-- Work item --
For the material below, output exactly the span from the line with "Fgo Fate Grand" to the line with "Grace Grace (Choral", including both, and nothing besides.

-- The data --
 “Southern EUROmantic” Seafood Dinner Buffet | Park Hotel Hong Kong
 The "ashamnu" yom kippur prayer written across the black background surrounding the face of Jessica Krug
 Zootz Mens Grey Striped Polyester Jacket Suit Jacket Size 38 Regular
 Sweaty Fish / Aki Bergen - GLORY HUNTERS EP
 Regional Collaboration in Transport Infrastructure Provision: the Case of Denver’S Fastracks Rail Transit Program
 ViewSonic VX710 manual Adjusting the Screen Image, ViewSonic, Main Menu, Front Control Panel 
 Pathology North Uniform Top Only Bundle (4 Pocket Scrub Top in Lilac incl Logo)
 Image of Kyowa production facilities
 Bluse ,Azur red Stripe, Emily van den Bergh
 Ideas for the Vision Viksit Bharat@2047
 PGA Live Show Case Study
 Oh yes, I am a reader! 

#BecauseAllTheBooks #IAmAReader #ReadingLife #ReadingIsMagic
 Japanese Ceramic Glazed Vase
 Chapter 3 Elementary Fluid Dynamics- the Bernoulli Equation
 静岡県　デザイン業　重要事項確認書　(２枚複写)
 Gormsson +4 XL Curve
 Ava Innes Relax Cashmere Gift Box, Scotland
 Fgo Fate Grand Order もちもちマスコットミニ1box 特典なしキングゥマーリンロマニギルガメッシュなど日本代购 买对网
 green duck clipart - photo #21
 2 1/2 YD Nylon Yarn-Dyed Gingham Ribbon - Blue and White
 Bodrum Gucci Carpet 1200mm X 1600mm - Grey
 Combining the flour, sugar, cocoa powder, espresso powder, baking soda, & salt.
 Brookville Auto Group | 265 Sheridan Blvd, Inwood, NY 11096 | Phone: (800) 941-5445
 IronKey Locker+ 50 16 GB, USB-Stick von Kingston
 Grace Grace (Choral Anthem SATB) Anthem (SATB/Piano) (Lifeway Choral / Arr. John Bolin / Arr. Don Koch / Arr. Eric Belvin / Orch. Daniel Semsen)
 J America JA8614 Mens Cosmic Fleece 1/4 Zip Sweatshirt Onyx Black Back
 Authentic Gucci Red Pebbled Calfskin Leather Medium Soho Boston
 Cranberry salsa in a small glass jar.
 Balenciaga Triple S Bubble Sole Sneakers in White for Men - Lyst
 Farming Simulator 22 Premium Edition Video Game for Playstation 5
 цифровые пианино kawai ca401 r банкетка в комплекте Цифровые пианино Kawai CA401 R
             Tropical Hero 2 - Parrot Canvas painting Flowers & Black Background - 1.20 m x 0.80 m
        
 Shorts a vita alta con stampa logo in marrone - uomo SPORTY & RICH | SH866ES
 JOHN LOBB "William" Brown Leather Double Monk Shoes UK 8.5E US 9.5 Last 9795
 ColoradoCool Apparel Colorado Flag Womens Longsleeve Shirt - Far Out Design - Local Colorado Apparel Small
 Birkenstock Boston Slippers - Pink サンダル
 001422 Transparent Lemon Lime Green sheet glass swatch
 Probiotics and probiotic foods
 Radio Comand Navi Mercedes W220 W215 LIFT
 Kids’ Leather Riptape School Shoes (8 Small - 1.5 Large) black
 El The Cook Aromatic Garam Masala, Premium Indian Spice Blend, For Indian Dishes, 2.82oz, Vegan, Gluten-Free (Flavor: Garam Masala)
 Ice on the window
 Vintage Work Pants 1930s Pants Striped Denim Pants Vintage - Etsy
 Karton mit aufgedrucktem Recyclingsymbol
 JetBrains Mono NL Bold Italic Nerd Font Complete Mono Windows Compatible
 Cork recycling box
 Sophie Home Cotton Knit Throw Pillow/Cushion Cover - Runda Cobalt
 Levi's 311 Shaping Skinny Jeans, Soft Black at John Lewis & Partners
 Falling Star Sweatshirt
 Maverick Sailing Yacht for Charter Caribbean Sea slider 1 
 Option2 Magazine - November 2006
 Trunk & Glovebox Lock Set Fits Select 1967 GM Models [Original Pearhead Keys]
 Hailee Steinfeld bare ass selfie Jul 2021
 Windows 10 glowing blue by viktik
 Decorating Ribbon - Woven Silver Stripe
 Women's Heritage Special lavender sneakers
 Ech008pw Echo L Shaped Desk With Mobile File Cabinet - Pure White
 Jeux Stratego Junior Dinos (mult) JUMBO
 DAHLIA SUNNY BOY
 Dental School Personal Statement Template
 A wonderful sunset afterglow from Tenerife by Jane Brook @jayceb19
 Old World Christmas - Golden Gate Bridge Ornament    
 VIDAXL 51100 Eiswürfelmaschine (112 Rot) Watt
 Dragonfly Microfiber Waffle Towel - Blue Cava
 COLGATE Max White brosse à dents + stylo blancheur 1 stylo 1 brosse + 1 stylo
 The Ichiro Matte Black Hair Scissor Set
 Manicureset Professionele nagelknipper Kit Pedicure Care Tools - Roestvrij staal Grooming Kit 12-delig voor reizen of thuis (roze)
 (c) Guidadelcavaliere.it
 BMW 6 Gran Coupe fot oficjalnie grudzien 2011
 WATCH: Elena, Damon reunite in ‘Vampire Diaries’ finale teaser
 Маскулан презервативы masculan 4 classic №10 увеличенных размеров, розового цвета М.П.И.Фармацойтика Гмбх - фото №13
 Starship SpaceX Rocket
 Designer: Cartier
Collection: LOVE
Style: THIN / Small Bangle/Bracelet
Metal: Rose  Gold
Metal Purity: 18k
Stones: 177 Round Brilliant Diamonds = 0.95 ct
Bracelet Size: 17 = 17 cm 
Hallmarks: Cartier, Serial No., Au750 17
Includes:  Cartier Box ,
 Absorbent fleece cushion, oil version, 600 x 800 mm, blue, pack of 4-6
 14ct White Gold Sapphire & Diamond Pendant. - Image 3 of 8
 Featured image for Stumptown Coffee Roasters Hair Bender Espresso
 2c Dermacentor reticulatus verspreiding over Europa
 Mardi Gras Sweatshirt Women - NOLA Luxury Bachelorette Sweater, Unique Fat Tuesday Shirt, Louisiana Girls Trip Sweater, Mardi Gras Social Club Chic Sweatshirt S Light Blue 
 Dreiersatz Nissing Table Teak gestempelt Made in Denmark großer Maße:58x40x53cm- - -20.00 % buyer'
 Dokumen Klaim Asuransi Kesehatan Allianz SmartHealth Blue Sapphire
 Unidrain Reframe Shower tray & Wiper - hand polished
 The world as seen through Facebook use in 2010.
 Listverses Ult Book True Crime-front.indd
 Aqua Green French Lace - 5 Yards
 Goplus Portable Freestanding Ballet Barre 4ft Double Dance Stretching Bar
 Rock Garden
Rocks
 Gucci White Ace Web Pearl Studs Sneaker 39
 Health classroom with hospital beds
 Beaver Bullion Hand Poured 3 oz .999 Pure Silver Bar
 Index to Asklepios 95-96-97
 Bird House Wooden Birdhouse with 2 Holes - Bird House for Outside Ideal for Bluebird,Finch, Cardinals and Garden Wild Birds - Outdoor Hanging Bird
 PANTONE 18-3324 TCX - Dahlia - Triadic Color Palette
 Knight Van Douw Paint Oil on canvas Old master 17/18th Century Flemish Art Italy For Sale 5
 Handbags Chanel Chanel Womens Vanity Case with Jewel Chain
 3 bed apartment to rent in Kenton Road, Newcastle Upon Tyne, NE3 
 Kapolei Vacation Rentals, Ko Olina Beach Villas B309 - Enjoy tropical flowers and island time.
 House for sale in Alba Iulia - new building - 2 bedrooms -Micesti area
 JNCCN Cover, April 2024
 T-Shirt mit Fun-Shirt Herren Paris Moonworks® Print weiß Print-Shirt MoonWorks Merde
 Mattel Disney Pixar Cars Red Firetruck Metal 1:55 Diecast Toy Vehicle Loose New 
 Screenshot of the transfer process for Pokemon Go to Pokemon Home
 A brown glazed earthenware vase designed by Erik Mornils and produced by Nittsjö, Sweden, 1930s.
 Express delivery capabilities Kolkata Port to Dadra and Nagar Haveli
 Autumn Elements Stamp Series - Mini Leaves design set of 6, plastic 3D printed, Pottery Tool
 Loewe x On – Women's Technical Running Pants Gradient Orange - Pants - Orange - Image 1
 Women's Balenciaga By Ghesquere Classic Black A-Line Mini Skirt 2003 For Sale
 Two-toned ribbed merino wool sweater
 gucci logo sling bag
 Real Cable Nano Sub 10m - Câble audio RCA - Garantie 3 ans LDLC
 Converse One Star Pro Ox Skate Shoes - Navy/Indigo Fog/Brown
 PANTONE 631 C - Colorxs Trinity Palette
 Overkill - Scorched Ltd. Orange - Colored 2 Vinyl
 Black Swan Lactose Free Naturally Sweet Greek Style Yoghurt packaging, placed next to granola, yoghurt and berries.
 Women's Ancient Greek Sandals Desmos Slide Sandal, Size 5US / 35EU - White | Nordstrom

-- Task result --
 Fgo Fate Grand Order もちもちマスコットミニ1box 特典なしキングゥマーリンロマニギルガメッシュなど日本代购 买对网
 green duck clipart - photo #21
 2 1/2 YD Nylon Yarn-Dyed Gingham Ribbon - Blue and White
 Bodrum Gucci Carpet 1200mm X 1600mm - Grey
 Combining the flour, sugar, cocoa powder, espresso powder, baking soda, & salt.
 Brookville Auto Group | 265 Sheridan Blvd, Inwood, NY 11096 | Phone: (800) 941-5445
 IronKey Locker+ 50 16 GB, USB-Stick von Kingston
 Grace Grace (Choral Anthem SATB) Anthem (SATB/Piano) (Lifeway Choral / Arr. John Bolin / Arr. Don Koch / Arr. Eric Belvin / Orch. Daniel Semsen)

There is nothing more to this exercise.